Каков этот город! Страннен! До тел атомов и внутренностей молекул. Старость? Ха… Не слышно этому городу мельтешение старости. Здравая молодость? Ха…. Не обнюхано этой скрижалью забрости пот молодости. Тогда кто он? Ребенок! Единозначно ребенок. Такой любознательный на любое проявление добра и скорби. Такой жалкий и любвеобильный город. Такой перспективный и легкосодрогаемый никчемностью человечьей мысли. Он впитывает любой сор, и любой сок ума. Странный город. С не менее странными людьми. Вот наше определенное тело.
Накалился жар у него в комнате. Это затхлая и одурненнная жаром мысль. Однако очень важная и сильная мысль. А это? … Страстная и влекущая жизнь мысль. Влекущая смелость и ее… это. Удивительно сладко спится ему. Небось всю ночь игрался со своим другом. Отличная и безгорная жизнь. Бери лодку и плыви. Не сойдешь никогда. Ну пока он спит….
Спит ли он? Неужели. Довольно рано и мягко проснулся. Ого! И повод то како…. Точно. Поэма. А чего проснулся? Именно! От запаха страстной мысли. Этот изнеженный аромат духа тела и чистоты. Великая мощь.
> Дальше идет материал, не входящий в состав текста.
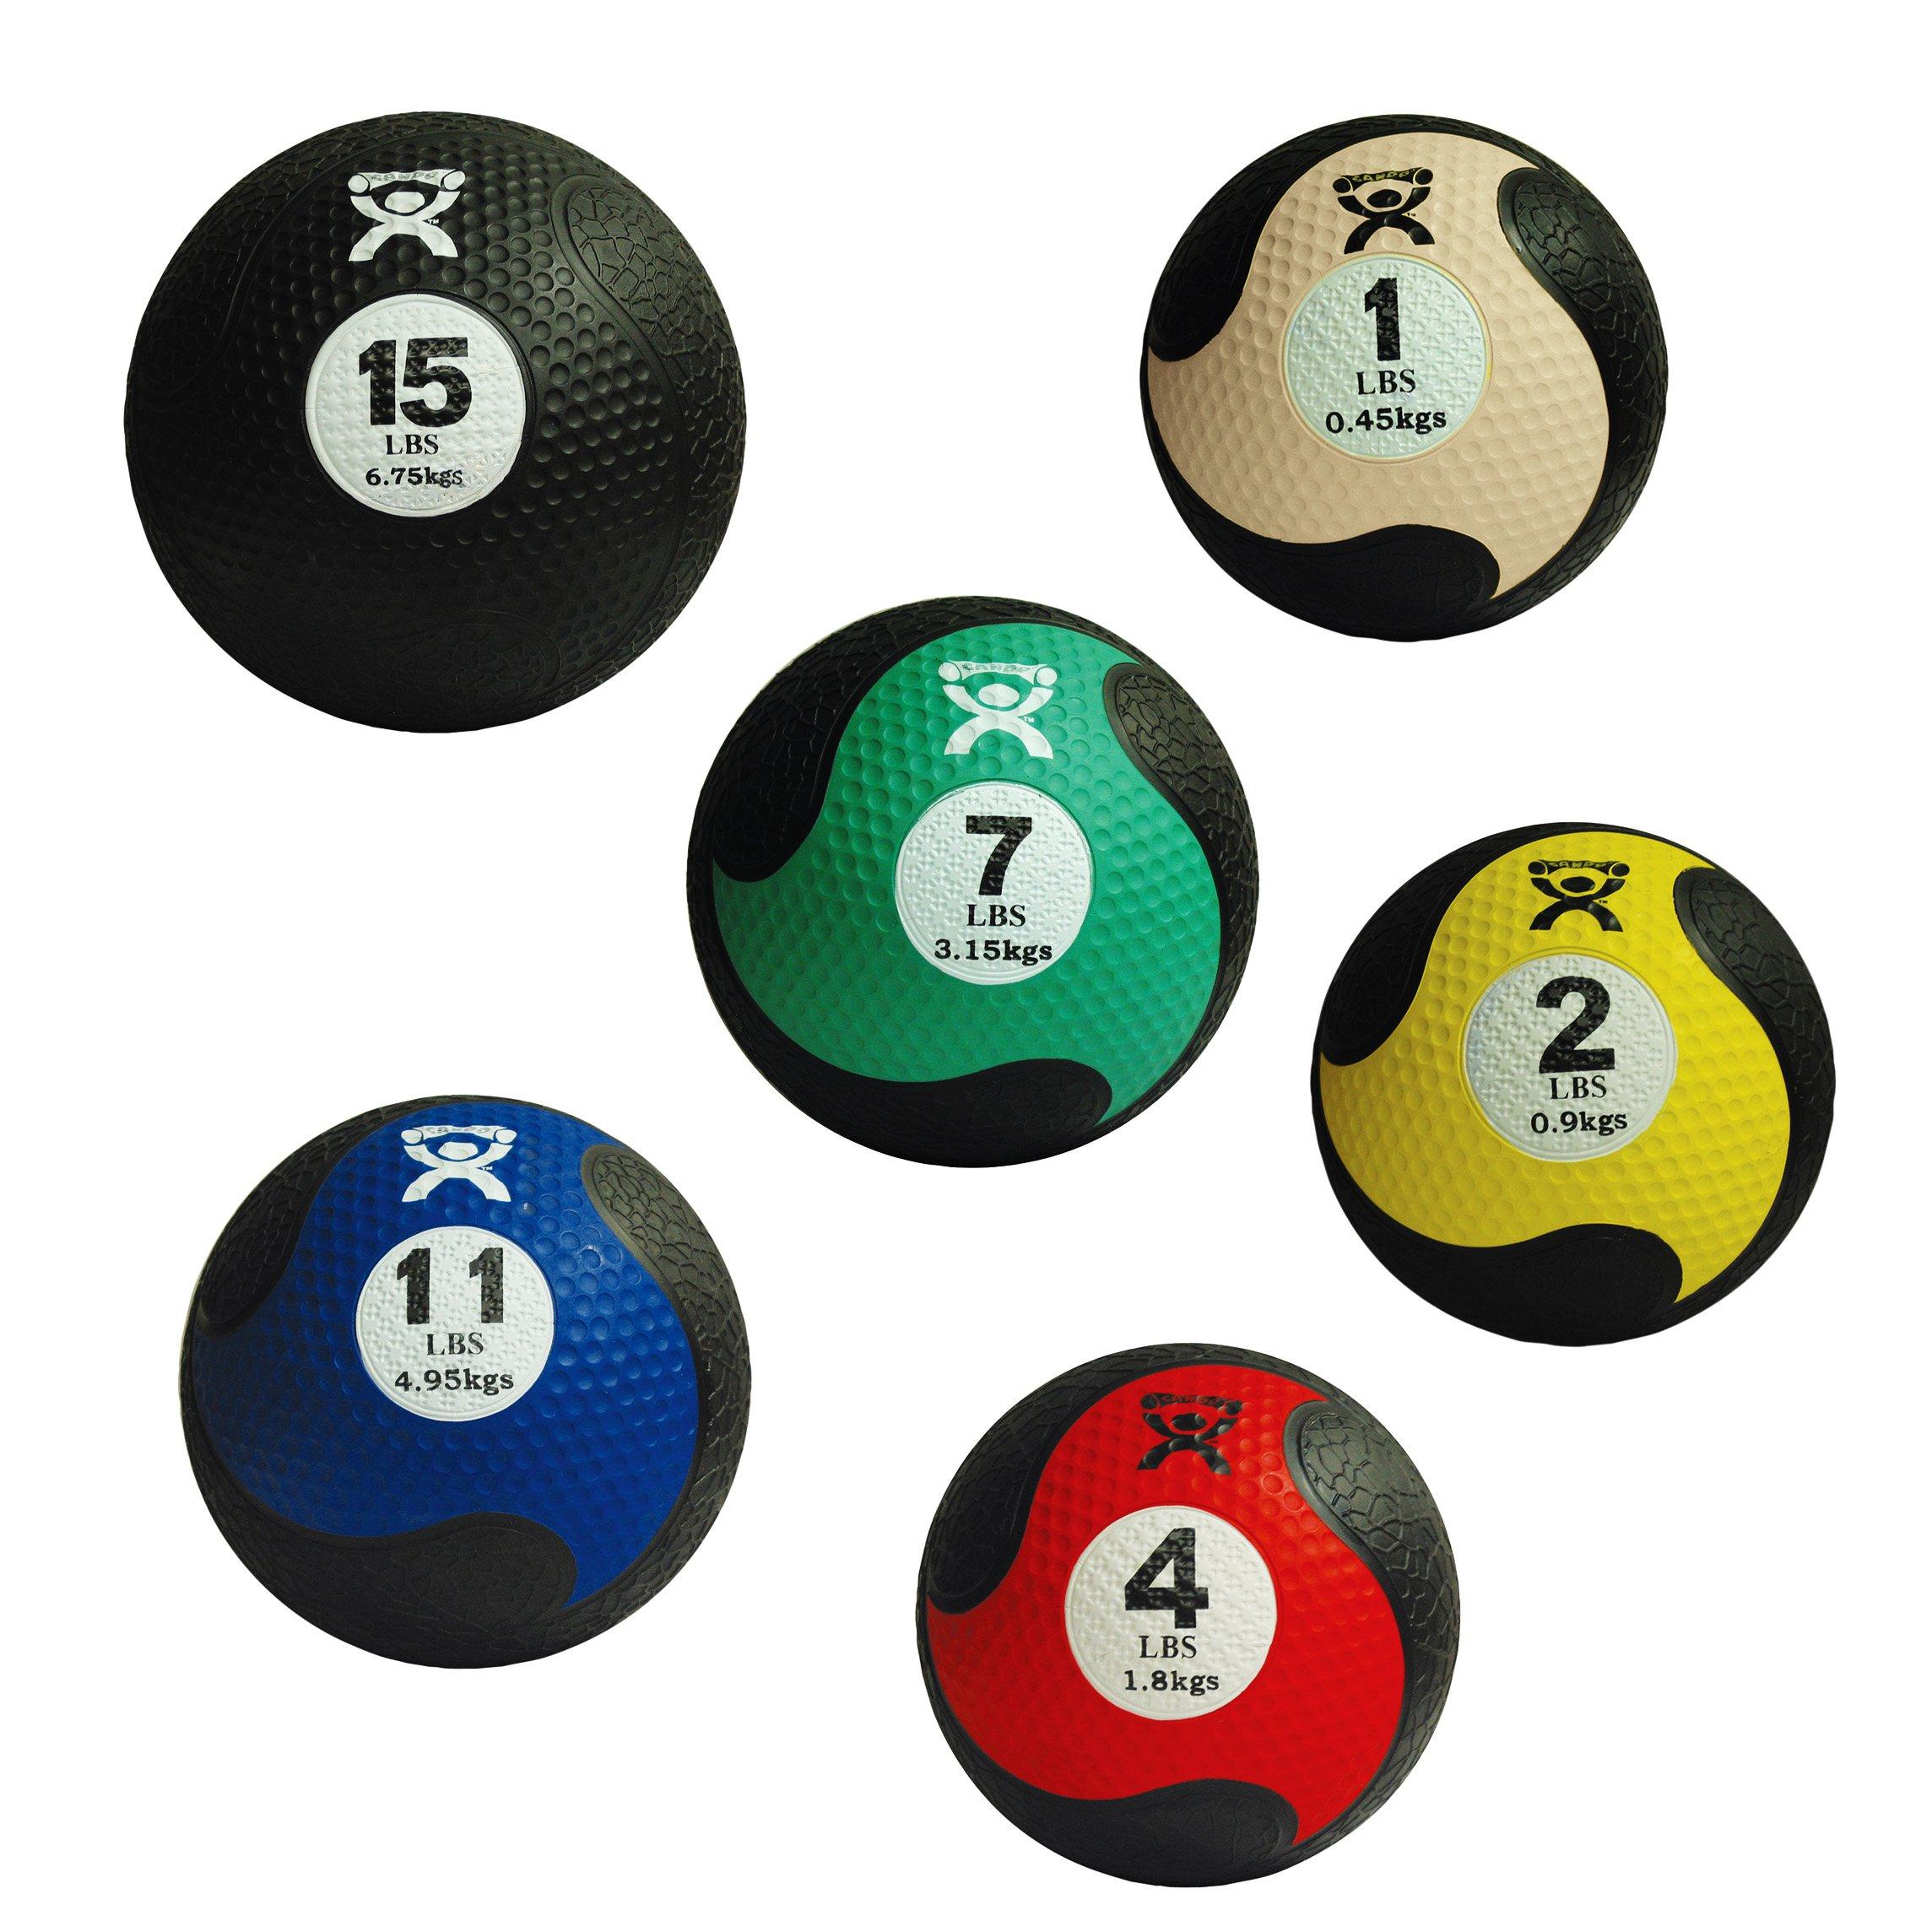 Cando Firm Fitness Medicine Balls - 6-Piece Bundle - 1 Each: 1, 2, 4, 7, 11, 15 LB by Cando (Image #1)

Умылся безмолвно. Почистил зубы – безмолвно. Пошел в комнату за стол – безмолвно. Ни грамма звука уронив, определенное тело открывает файл со своей поэмой. Вижу – у него осталось три главы. Одна – дописана буквально в миг. Горяча и пленительна его скорость рук. Пишет не умом. Конечно! Только страстью и болью страховной можно писать свою внутреннюю жизнь.
Вторая глава. Когда небо стало таким извилистым? Когда солнце начало чесаться? Почему сотканность бытия начала расслаиваться? Глава «Последние ноты рассудочки». Я неистово вижу это. Почему? А? Женя?! Тебе было тогда плохо? Так почему ты не спросил ее помощи? Почему полез…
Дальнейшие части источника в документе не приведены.